Software-defined perimeter
A software-defined perimeter (SDP), sometimes referred to as a black cloud, is a method of enhancing computer security. The SDP framework was developed by the Cloud Security Alliance to control access to resources based on identity. In an SDP, connectivity follows a need-to-know model, where both device posture and identity are verified before access to application infrastructure is granted.[1] The application infrastructure in a software-defined perimeter is effectively "black"—a term used by the Department of Defense to describe an undetectable infrastructure—lacking visible DNS information or IP addresses. Proponents of these systems claim that an SDP mitigates many common network-based attacks, including server scanning, denial-of-service, SQL injection, operating system and application vulnerability exploits, man-in-the-middle attacks, pass-the-hash, pass-the-ticket, and other attacks by unauthorized users.[2]
Background
Software-defined perimeter
An SDP is a security methodology that controls access to resources based on user identity and device posture. It follows a zero-trust model, verifying both factors before granting access to applications. This approach aims to make internal infrastructure invisible to the internet, reducing the attack surface for threats like denial-of-service (DoS) and server scanning (Ref. [1]).
Traditional vs. software-defined perimeter
Traditional network security relies on a fixed perimeter, typically protected by firewalls.
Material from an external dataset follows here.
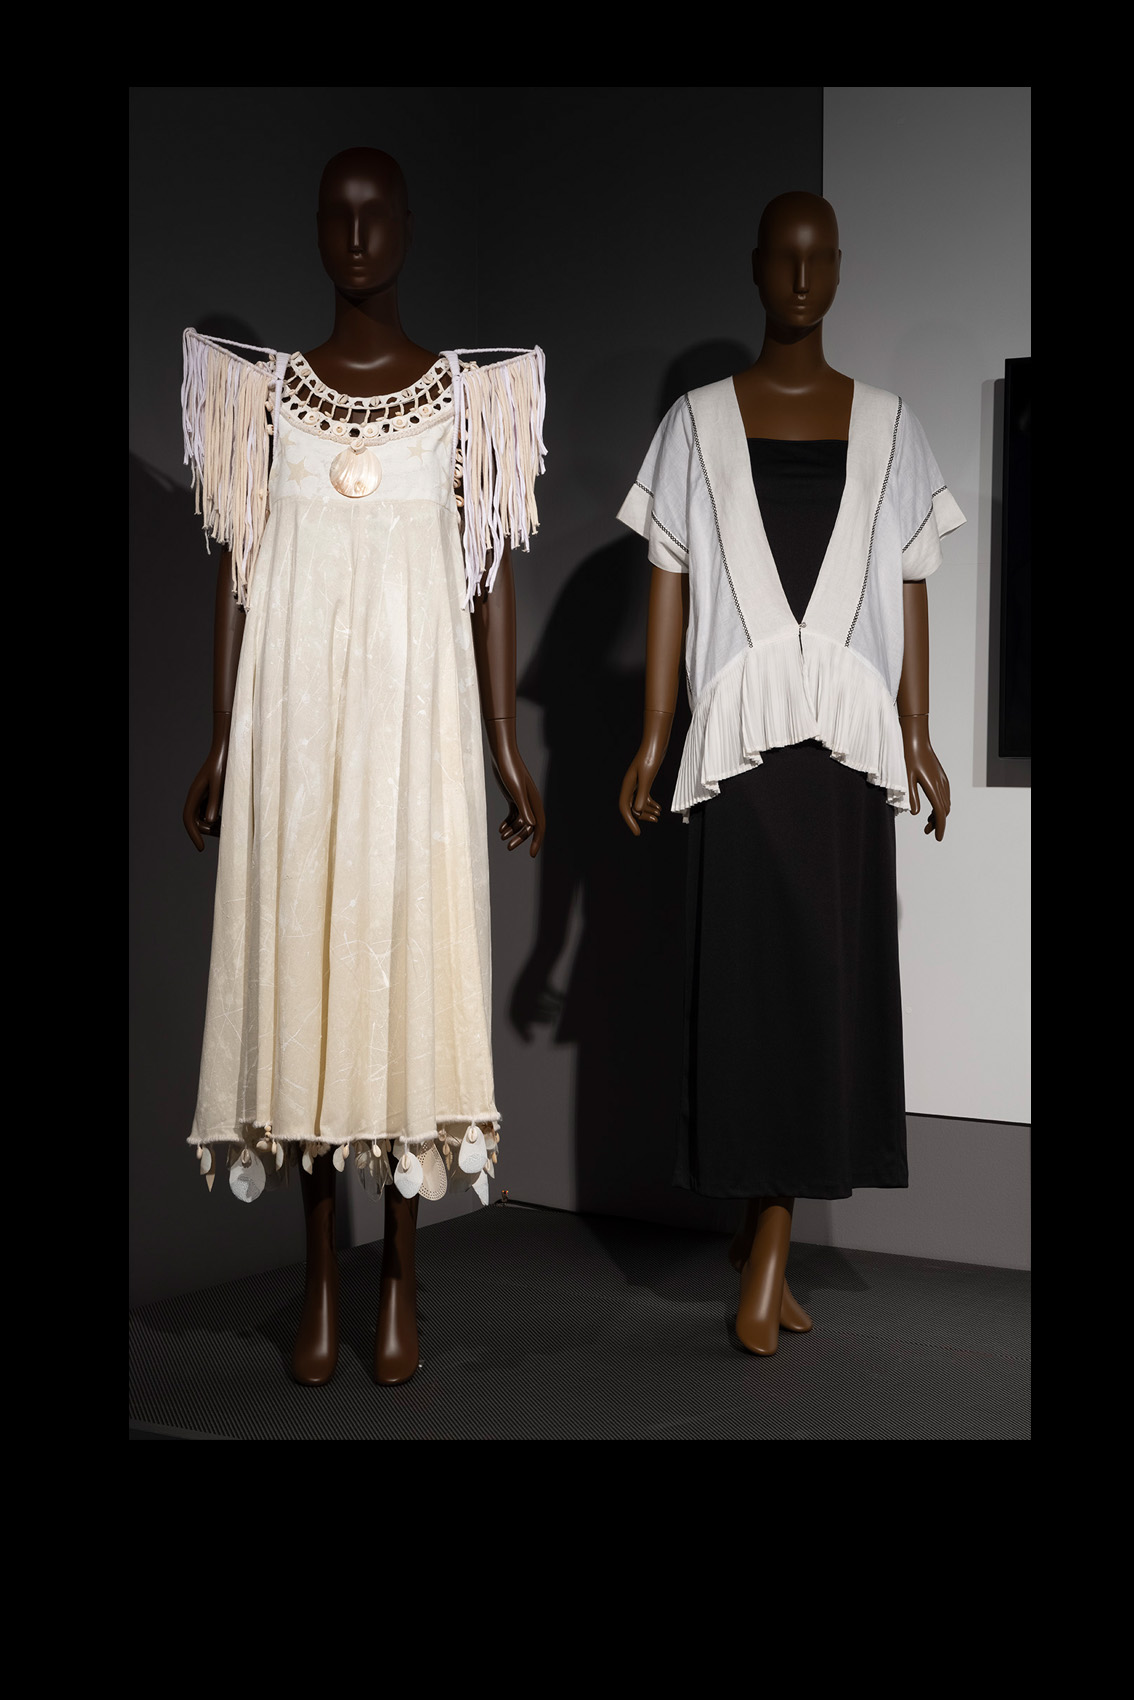 Moda Hoy installation of two dresses on mannequins, both with work by indigenous artisans

While this isolates internal services, it becomes vulnerable with the rise of:
- User-managed devices: These devices bypass traditional perimeter controls.
- Phishing attacks: These attacks can give unauthorized users access within the perimeter.
- Cloud adoption: Applications can be hosted anywhere, making perimeter control more complex.
SDPs address these issues by:
- Making applications invisible: Public internet cannot directly see internal resources.
- Enforcing access control: Only authorized users and devices can connect to applications.
SDP architecture and workflow
An SDP consists of two main components:
- SDP Controllers: Manage access policies and communication between devices.
- SDP Hosts: These can be initiating (requesting access) or accepting (providing access) applications.
The workflow involves:
- Deploying SDP controllers and connecting them to authentication services (e.g., Active Directory, multi-factor authentication).
- Bringing online accepting SDP hosts, which authenticate with the controllers.
- Initiating SDP hosts authenticating with the controllers.
- Controllers determining authorized communication and creating secure connections between hosts.
SDP deployment models
There are several ways to deploy SDPs, each suited for specific scenarios:
- Client-to-Gateway: Protects servers behind a gateway, mitigating lateral movement attacks within a network or on the internet.
- Client-to-Server: Similar to client-to-gateway, but the protected server runs the SDP software directly.
- Server-to-Server: Secures communication between servers offering APIs.
- Client-to-Server-to-Client: Enables secure peer-to-peer connections for applications like video conferencing.
SDP applications
SDPs offer security benefits in various situations:
- Enterprise application isolation: Protects sensitive applications from unauthorized access within the network.
- Cloud security: Secures public, private, and hybrid cloud deployments.
- Internet of Things (IoT): Protects back-end applications managing IoT devices.
Conclusion
Software-defined perimeters offer a dynamic approach to network security, aligning with zero-trust principles. They can enhance security for on-premise, cloud, and hybrid environments.
References
- ^ "Software Defined Perimeter". Cloud Security Alliance. Retrieved 29 January 2014.
- ^ Gartner, Market Guide for Zero Trust Access. "Gartner SDP Guide". gartner.com.